Samtools idxstats fails to load index
2
1
Entering edit mode
7.3 years ago
lvande ▴ 50

I recently used samtools in order to downsample some bam files I have from a sequencing run as such:

Samtools view -h -s 0.5 file.bam > ds_file.bam

I was then going to go through a normalization protocol I have to average the reads to reads per million, which first requires me to remove mitochondrial reads, which I normally do with idxstats:

Samtools index ds_file.bam
Samtools idxstats ds_file.bam | cut -f 1 | grep -v MT | xargs samtools view -b ds_file.bam > dsfile_rmMT.bam

However, when running idxstats with these downsampled files, I am getting an error message saying that the index has failed to load. I checked the downsampled bam file and it is definitely still sorted by coordinates. Does anyone know why I am failing to generate a useable index?

ChIP-Seq samtools error index • 4.4k views
ADD COMMENT
0
Entering edit mode

so when you run Samtools index ds_file.bam you get the error? or when you run idxstats right afterwards?

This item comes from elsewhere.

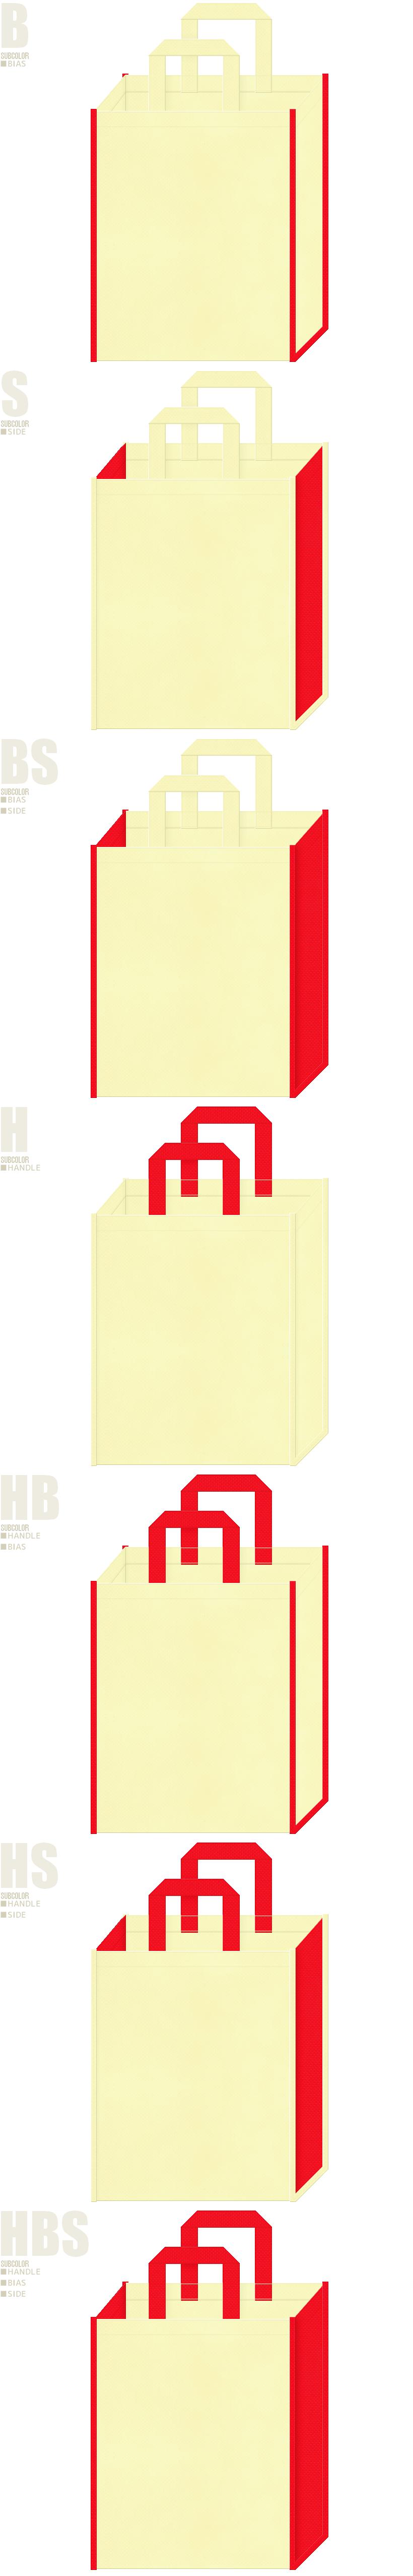 薄黄色と赤色、7パターンの不織布トートバッグ配色デザイン例。

Typically these sorts of errors come from either left-over indexes lying around. Furthermore, chaining commands together like this

Samtools idxstats ds_file.bam | cut -f 1 | grep -v MT | xargs samtools view -b ds_file.bam > dsfile_rmMT.bam

is generally considered a bad idea as you combine the process of command generation and command execution into a single operation, making debugging it much harder. Best to just use your cut/grep/xargs to echo out the samtools command rather than actually run it. Then that removes multiple sources of potential error from the question.

ADD REPLY
0
Entering edit mode

I get the error when I run idxstats. Previously I was getting an error when running samtools index, but that has mysteriously stopped occurring.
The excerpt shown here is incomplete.